Yishai and Noam Slotki, two brothers from Beersheba who were IDF reservists, also joined the battle after arriving in the area by car, and fought the militants along the road near the entrance to Alumim before being killed at approximately 9:30 AM.
About 10 minutes later, two militants were killed near the front gate by security team members Eran Schlissel and Kobi Be'eri and the artillery officer.
The intruders were an Israeli couple, Ofek Atun and Tamar Kam, who had fled the Re'im music festival massacre and had broken into the house as they thought it had been abandoned.
Members of the security team as well as Ohad Braverman rushed to take positions blocking the militants' entry to the residences.
In the subsequent exchange of fire, two militants were killed, one of whom was found to be a commander in possession of documents describing the attack plans, and two security team members were wounded.
Between 9:30 and 9:45 AM, a Wolf Armoured Vehicle carrying Israel Border Police officers arrived and briefly assisted in transporting some of the defenders from the front gate to the place of fighting near the recreational area, taking heavy fire while doing so, before it left after being dispatched to Kfar Aza.

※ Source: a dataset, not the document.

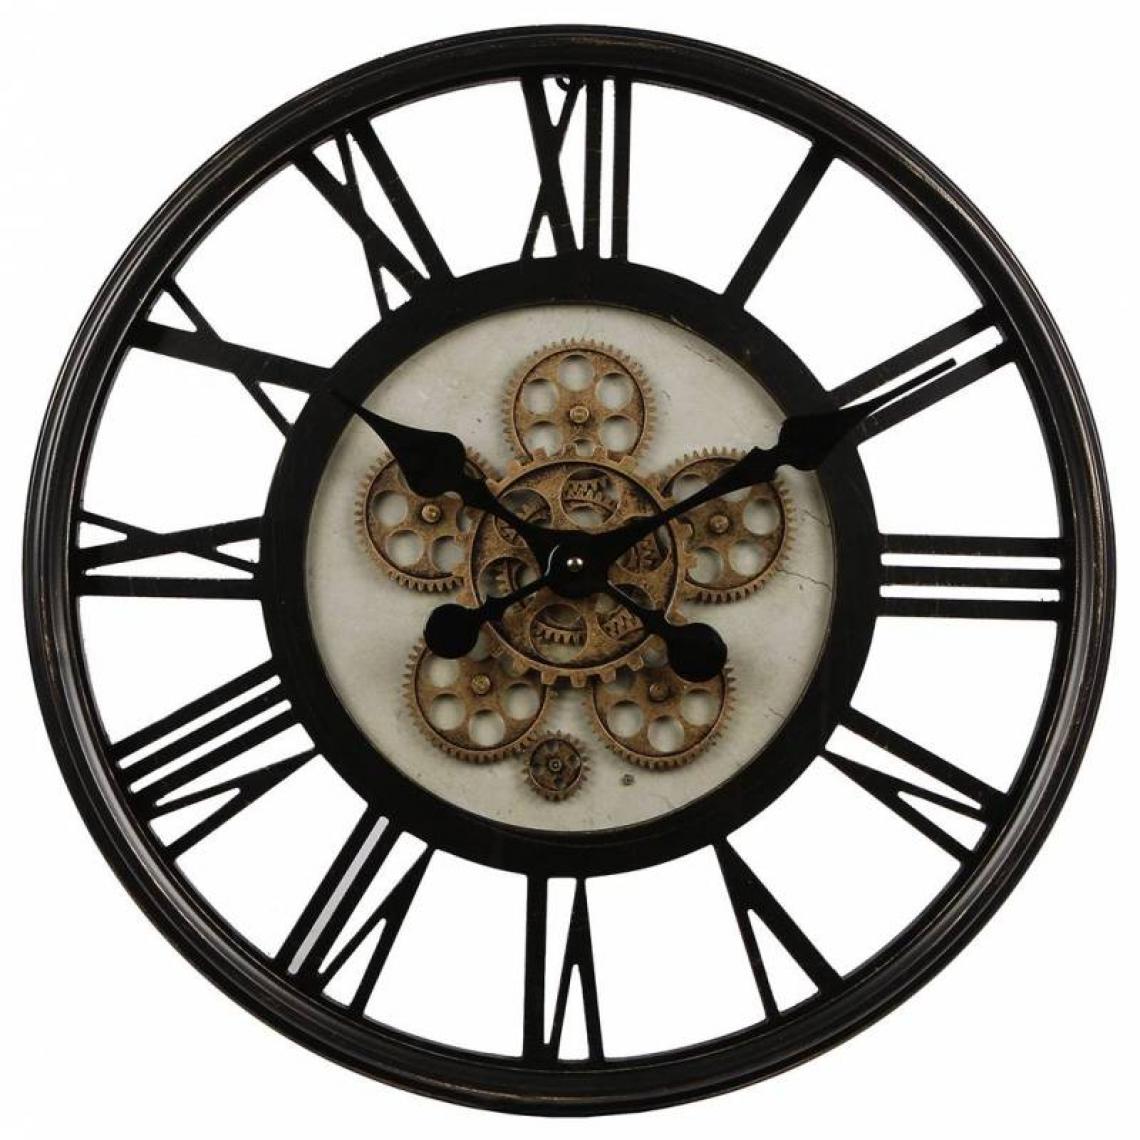 L'Héritier Du Temps - Grande Horloge Ronde Pendule Murale Vintage Industriel Style Usine en Métal Noir et Verre 7x54,5x54,5cm - Horloges, pendules
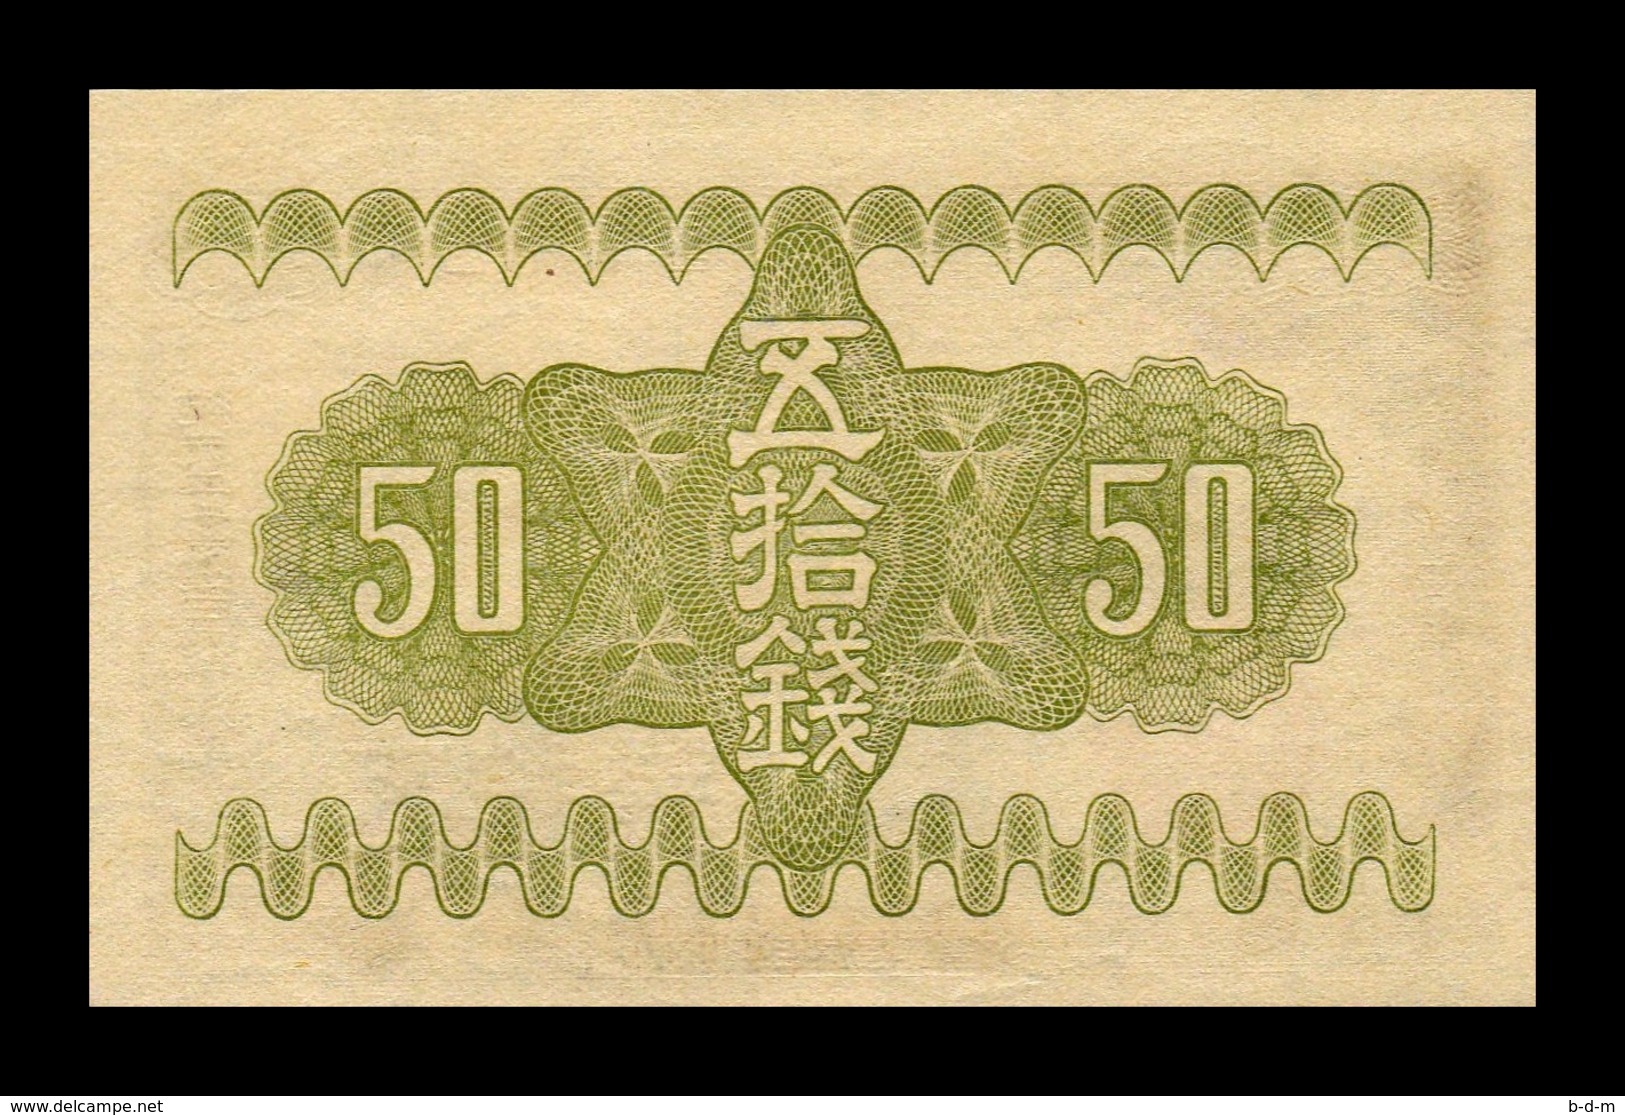 Japon Japan 50 Sen 1938 Pick 58 SC UNC - Japan

The situation for the defenders became increasingly desperate, with three wounded, much of their ammunition expended, and militants seen roaming freely around the perimeter fence.
However, seemingly deterred by the fierceness of the defense they encountered and the death of their commander, the militants abandoned their attack on the residences and began moving towards easier targets.
[2][4] At one point, a militant was spotted by security cameras in the kibbutz's vehicle repair garage trying to break into a car, and was subsequently confronted and wounded in the leg.
At another point, a member of the security team who had been wounded but continued fighting managed to shoot a militant near the perimeter fence some 200 meters away.
[1] At 11:00 AM, the first reinforcements from the Israel Defense Forces arrived when a CH-53 helicopter carrying soldiers of the 890th Battalion of the 35th Paratroopers Brigade landed near the kibbutz.
The helicopter had been hit by an RPG while descending and minutes after the troops disembarked, it was destroyed on the ground by another anti-tank missile.
At noon, 20 commandos from the elite Shaldag Unit of the Israeli Air Force arrived and for about 40 minutes engaged militants in the area between the road and the southeast corner of the kibbutz.
A reserve officer from another unit who had joined the Shaldag troops, Major Nimrod Palmach, subsequently brought the paratroopers into the battle for the kibbutz after they regrouped.
In addition, soldiers of the Yahalom special forces unit from the IDF Combat Engineering Corps arrived at the kibbutz with an armored vehicle to join the fighting.
[6][7] A few Israeli civilians who sought shelter in Alumim after fleeing the Re'im music festival massacre were killed in the kibbutz.
One survivor of the festival massacre, Ofek Atun of Holon, was killed after he and his girlfriend Tamar Kam broke into the home of an elderly couple that they thought was abandoned to take shelter.
They were IDF reservists who had come to the area on their own initiative after hearing of the attack to take part in the defense of Alumim without having been called up.
They were among the seven children of Rabbi Shmuel Slotki, who was called up to help identify bodies in the aftermath of the attack and carried on this work during the five days his sons were unaccounted for.
[15] A video, allegedly of a militant captured at Alumim, reportedly shows him pointing out further instructions to carry out beheadings, amputation of legs, and permission by his group leaders to rape the corpse of a girl, which would be war crimes.